On both the left and the right, activists are sharpening their weapons, convinced that the outcome of the next presidential election could be decided on this question of gender identity and, in particular, transgender identity. Emily Drabinsky, the new president of the American Library Association (ALA), has clearly announced the color. Its stated aim is ‘Queering the catalog.’ Among observers of this culture war, however, the opinion seems to be spreading the moral ascendancy that the liberal left has claimed, by opposing any censorship of texts dealing with LGBT themes, loses its force singularly when these same liberals find themselves accused of demonstrating similar intolerance, notably when they advocate the withdrawal of great classics such as Of Mice and Men, by John Steinbeck, or even Adventures of Huckleberry Finn, by Mark Twain.

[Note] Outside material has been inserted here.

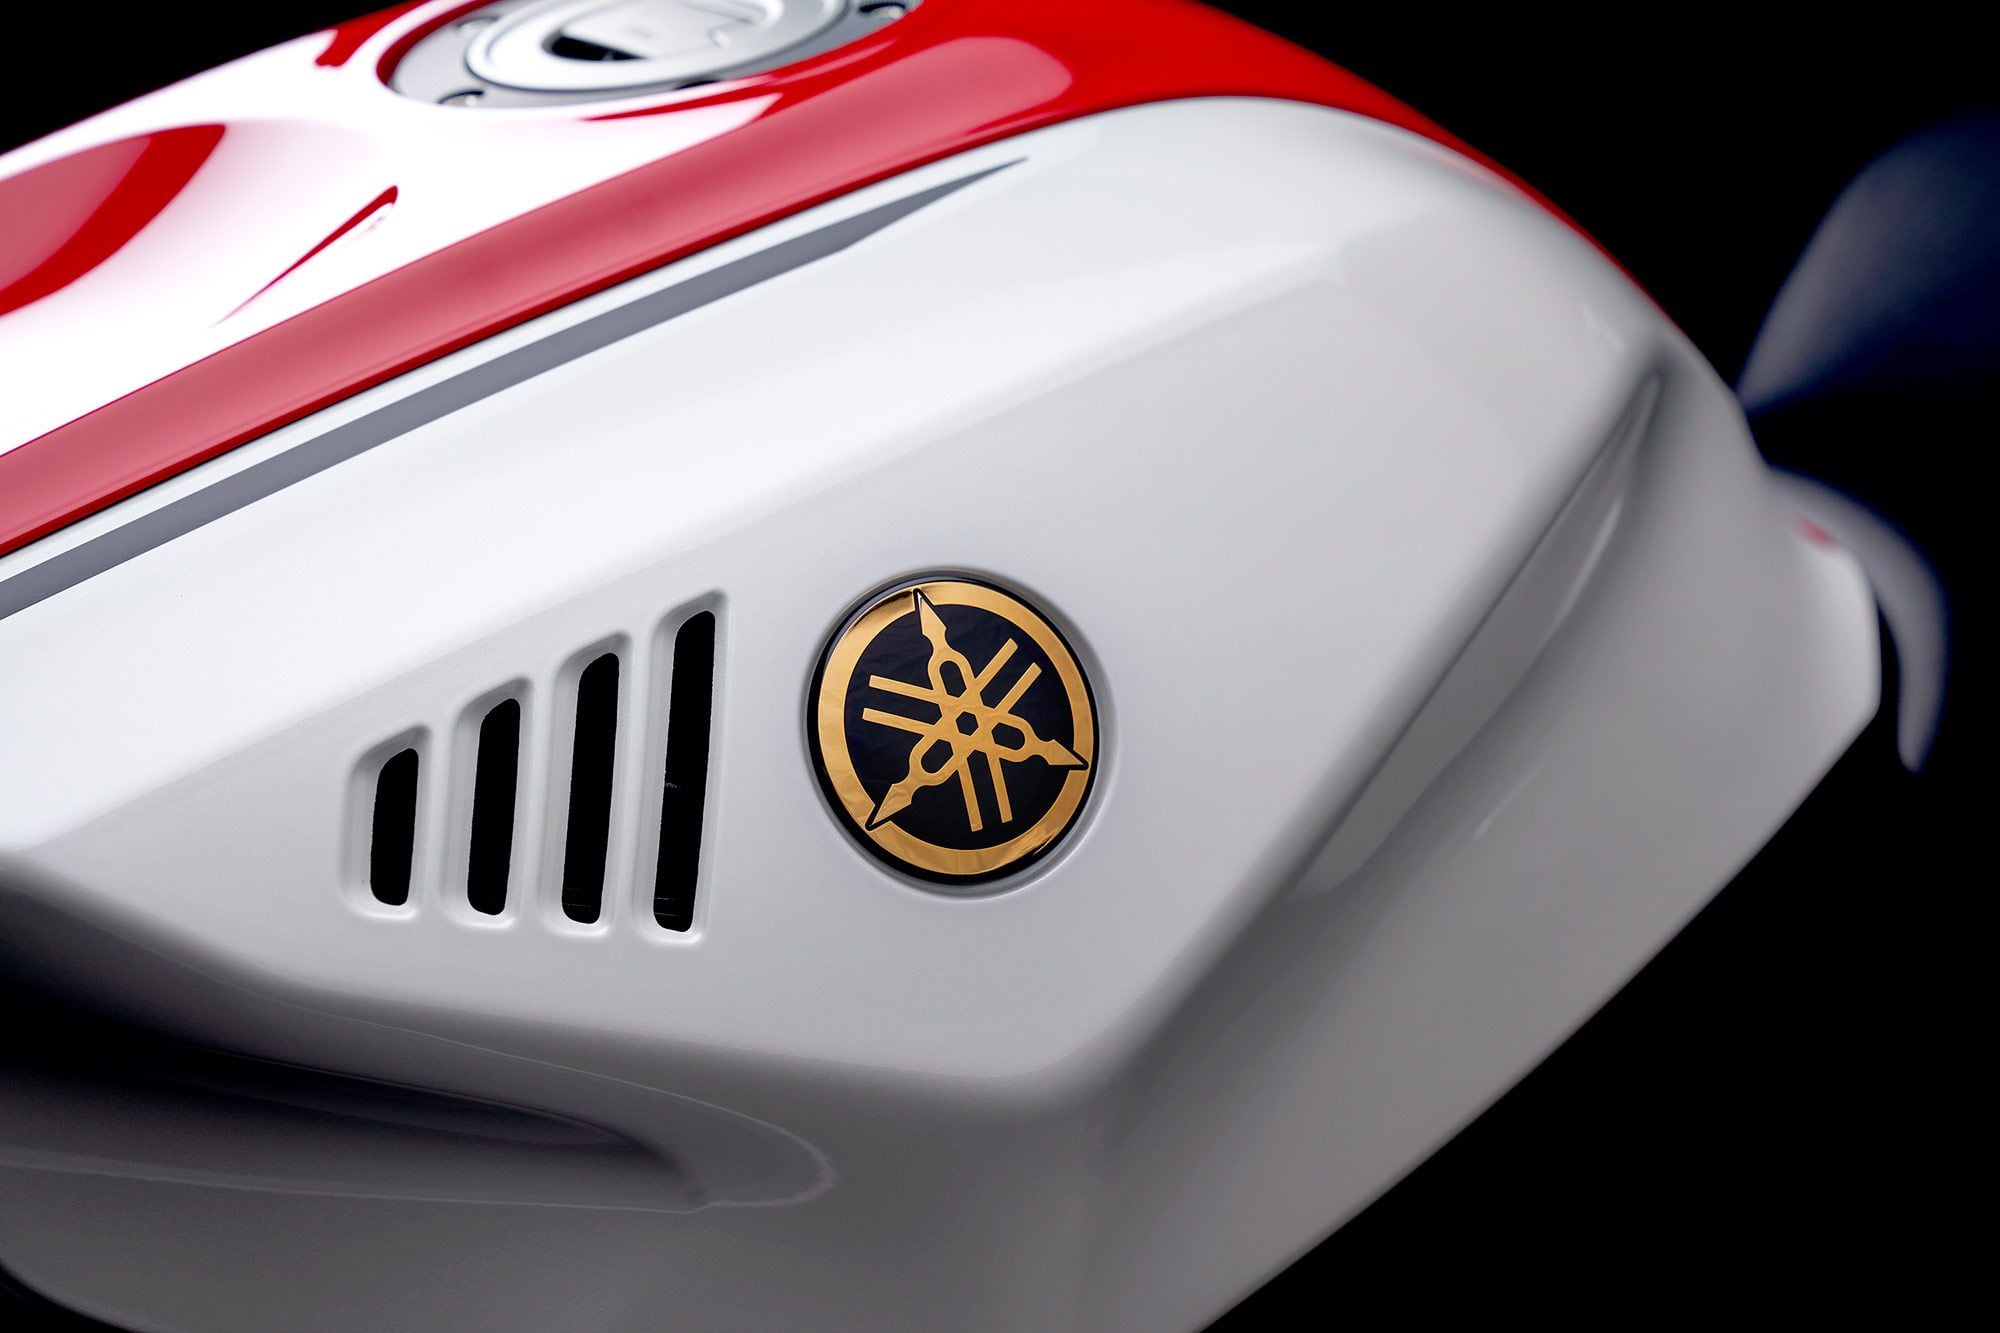 In a nod to Yamaha’s GP team, each anniversary edition will feature GP-inspired Tuning Fork emblems.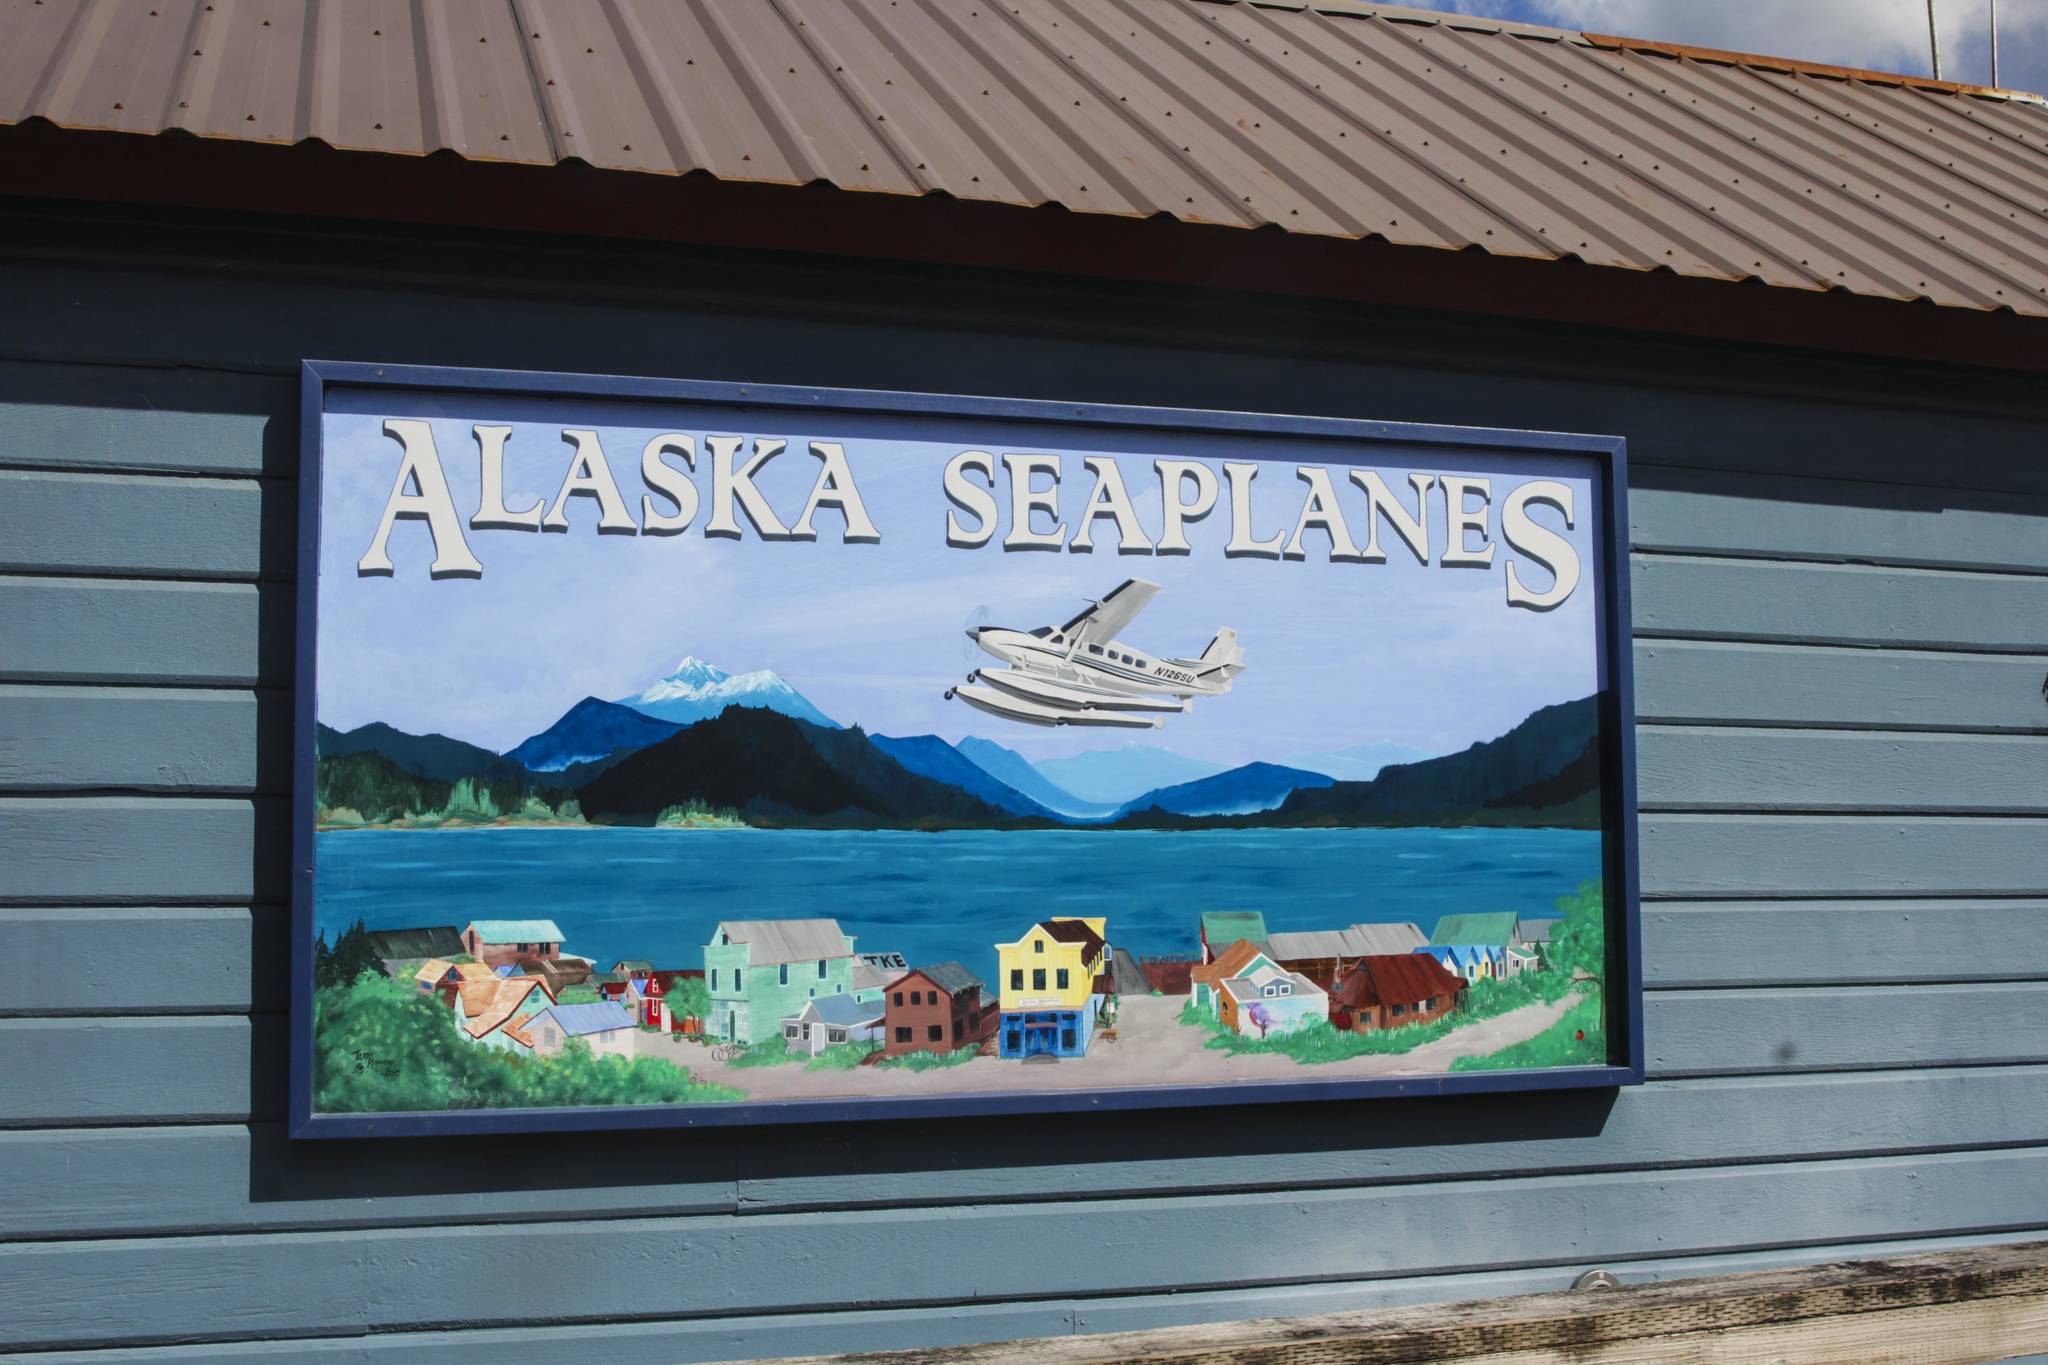 Alaska Seaplanes held a cookout in Tenakee Springs on June 9, 2021, to celebrate the debut of a new seaplane in their fleet in one of the communities that aircraft will serve. (Michael S. Lockett / Juneau Empire)

The replacement of the N-word in this last novel by various euphemisms—slave, serving—has thus allowed the bar of censorship to be passed with new editions, but the feeling seems to prevail that political correctness cannot justify such a sacrilege. As comforting as such a reaction may be, one cannot predict a general surge from it, because, with Twain’s novel, we were touching on a monument of American literature. In truth, the momentum given by these benevolent censors of the dyed-in-the-wool left joins the benevolence of several states anxious to maintain peaceful relations with families. New Hampshire thus passed a law in 2021 called Right to Freedom from Discrimination in Public Workplaces and Education. This moral compass allows to set a course guiding the acquisition of books, thus opportunely limiting the appeals of disgruntled parents. Its influence is also exerted on the teachings provided and allows to bring into line any recalcitrant teachers. Some killjoys see it as a form of censorship. The waltz of books on the shelves does not seem about to stop.